EXERCISE REQUIREMENTS: Without the pictures, print the lines from the one holding "Algam Lighting - Bag - 40x26x30" through the last line below, both included, exactly as they stand.

DATASET EXCERPT:
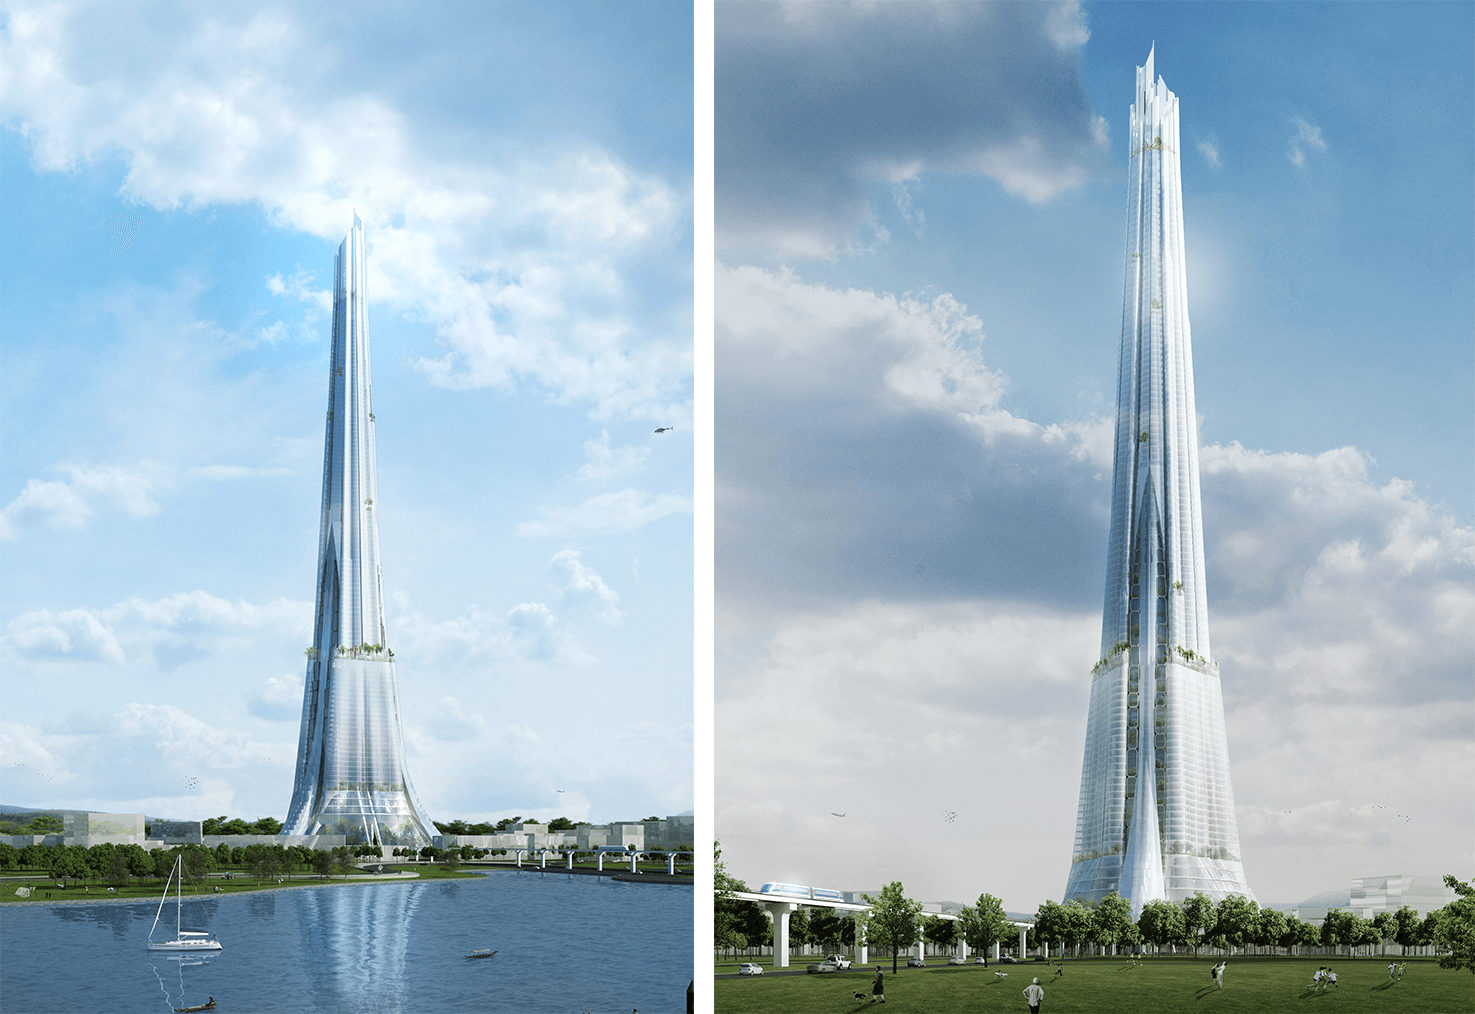 Tháp trung tâm tài chính cao 108 tầng thuộc Dự án xây dựng Thành phố thông minh phía Bắc dự kiến khởi công ngày 10/11/2023. Đây sẽ là tòa tháp cao nhất Việt Nam.
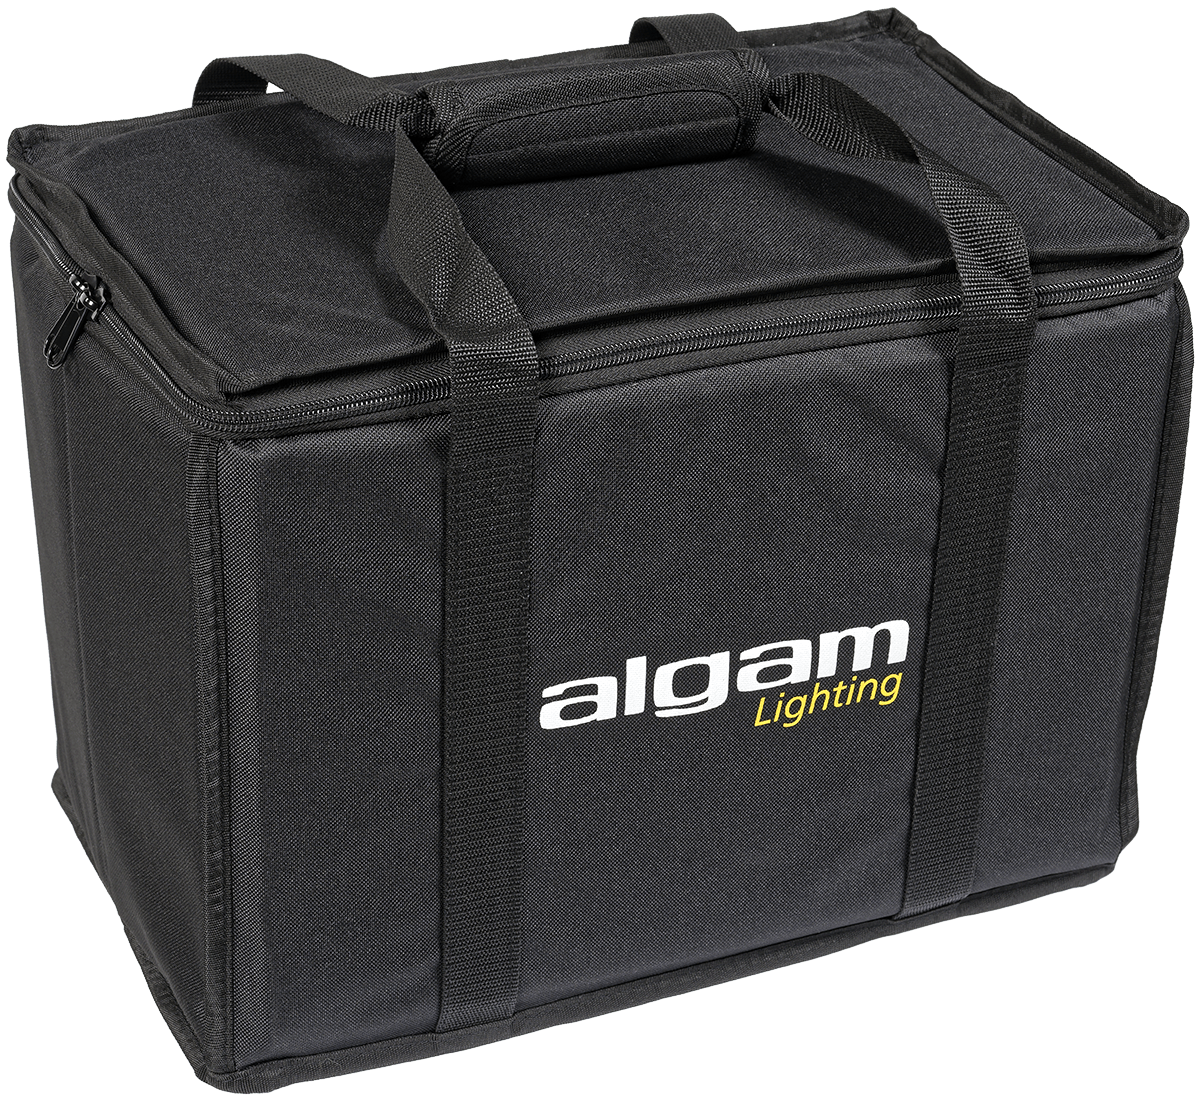 Algam Lighting - Bag - 40x26x30
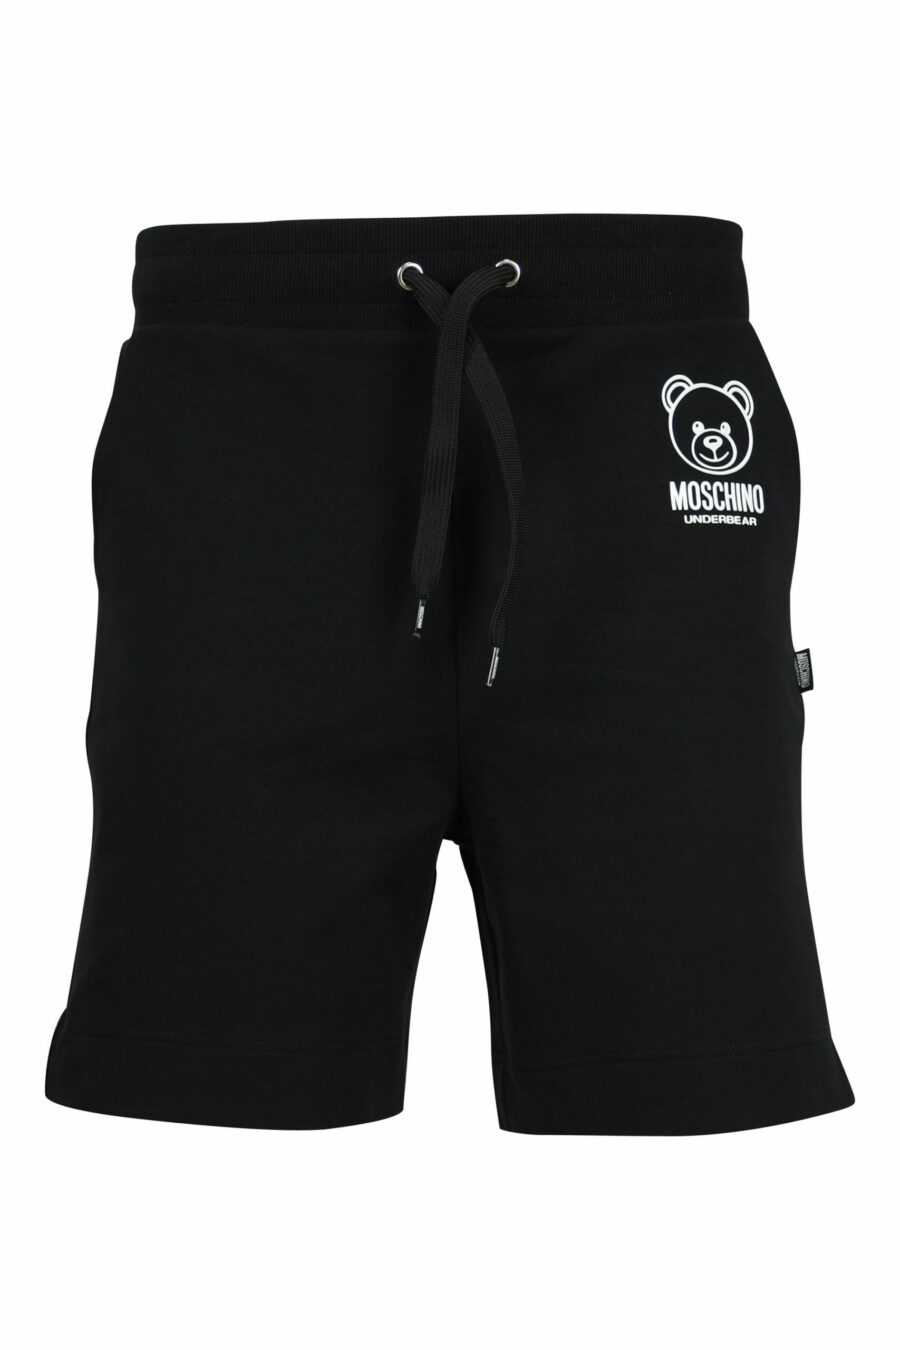 Bas de survêtement noir avec mini-logo ours "underbear" en caoutchouc noir - 667113622200 scaled
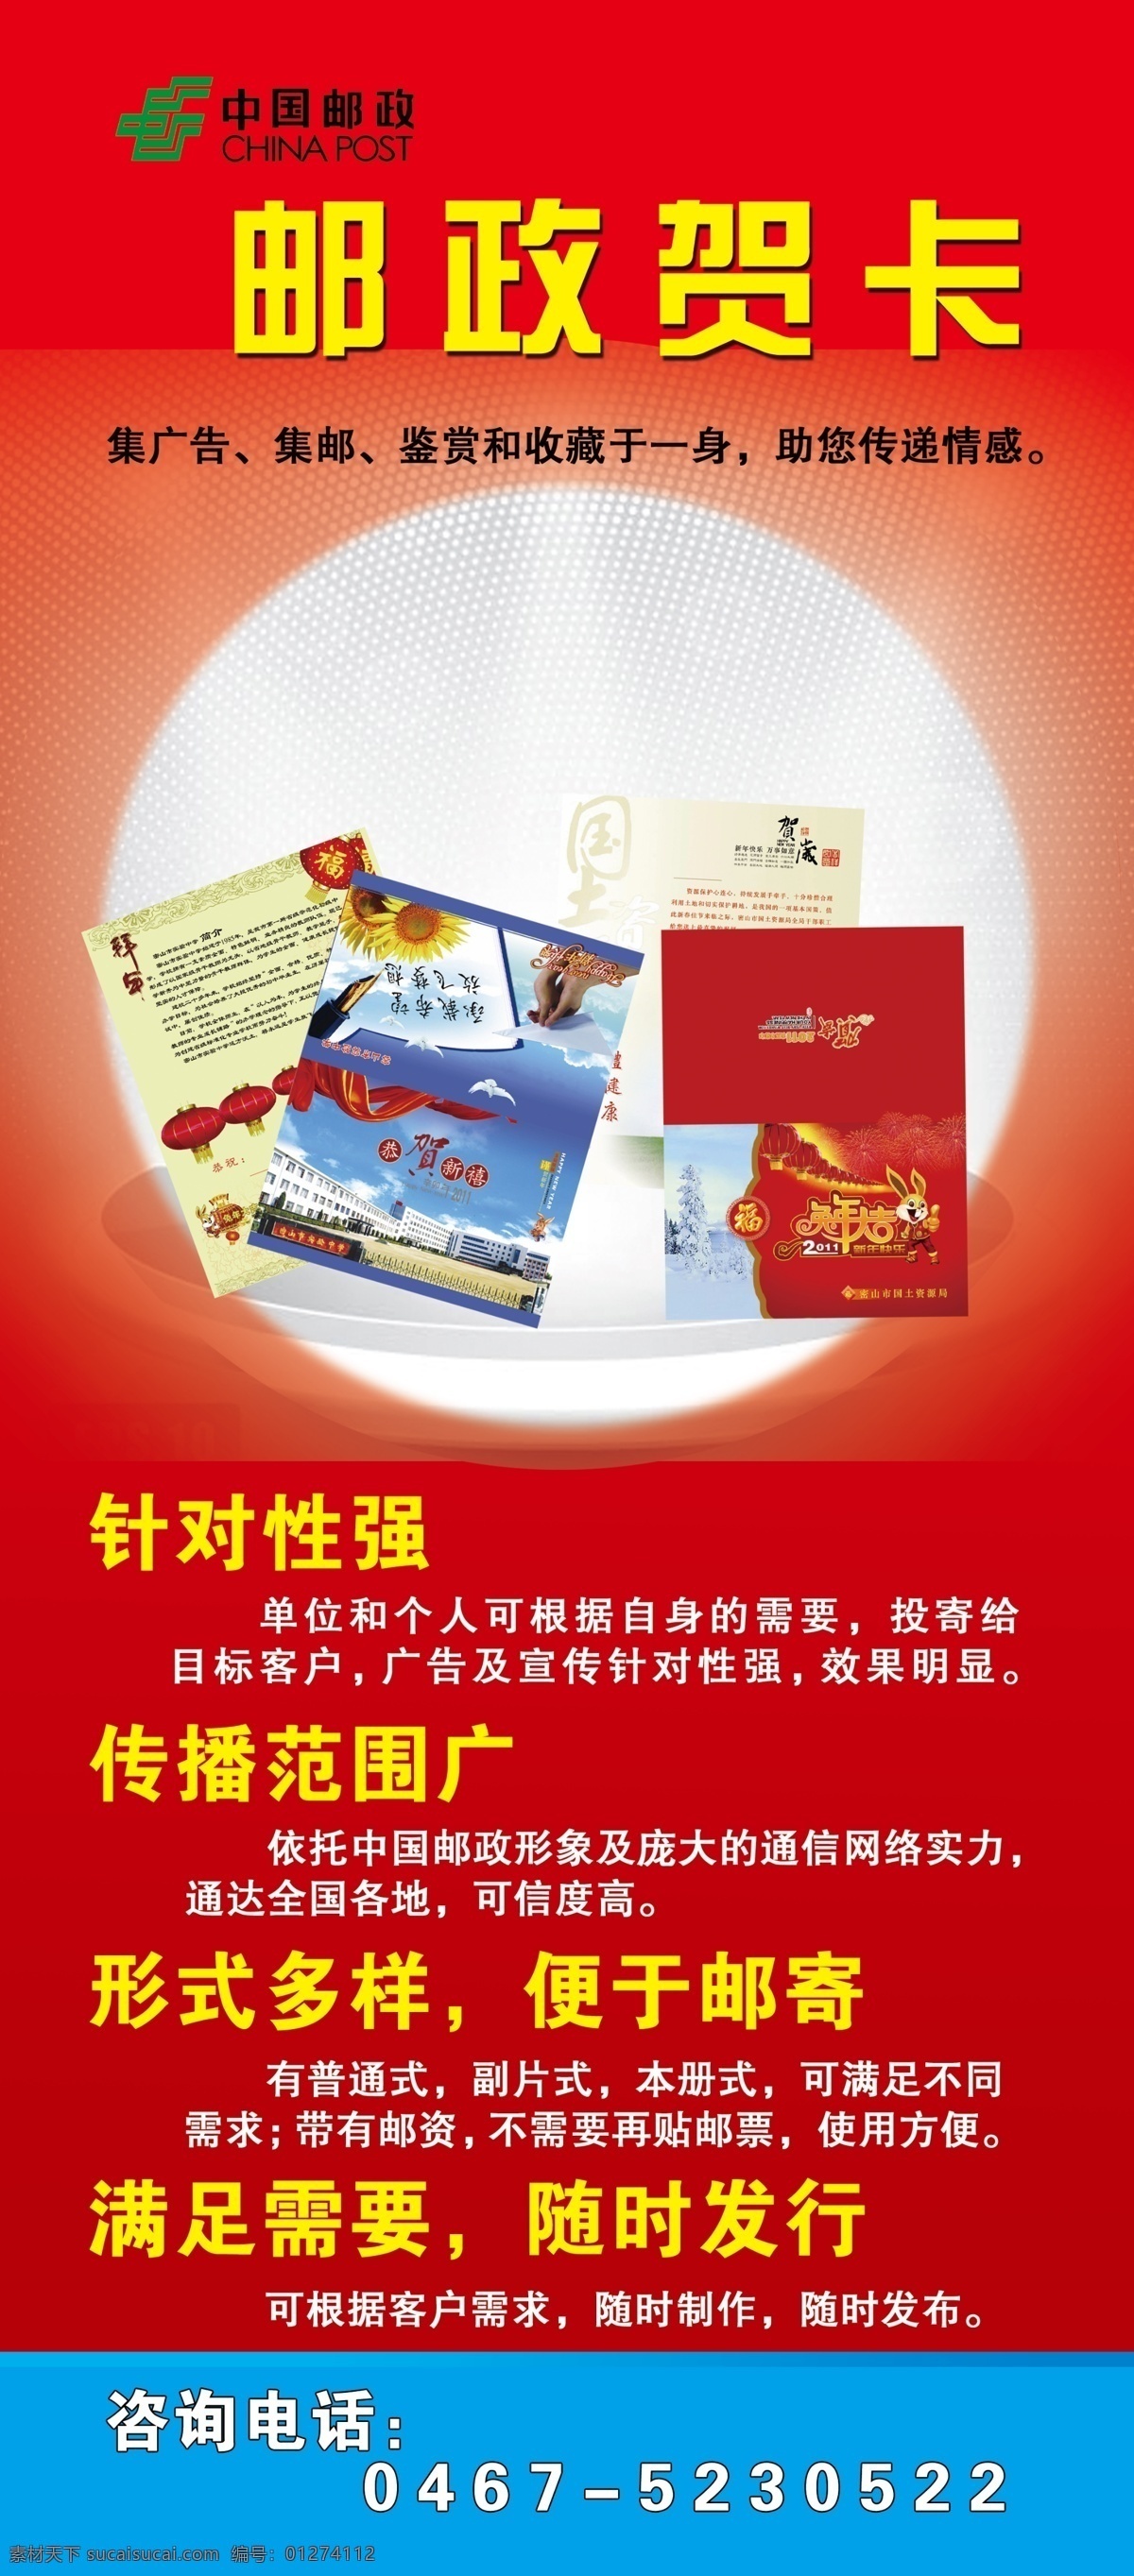 邮政展架 中国邮政 展架 贺卡 展板模板 广告设计模板 源文件

ANSWER AREA:
 Algam Lighting - Bag - 40x26x30
 Bas de survêtement noir avec mini-logo ours "underbear" en caoutchouc noir - 667113622200 scaled
 邮政展架 中国邮政 展架 贺卡 展板模板 广告设计模板 源文件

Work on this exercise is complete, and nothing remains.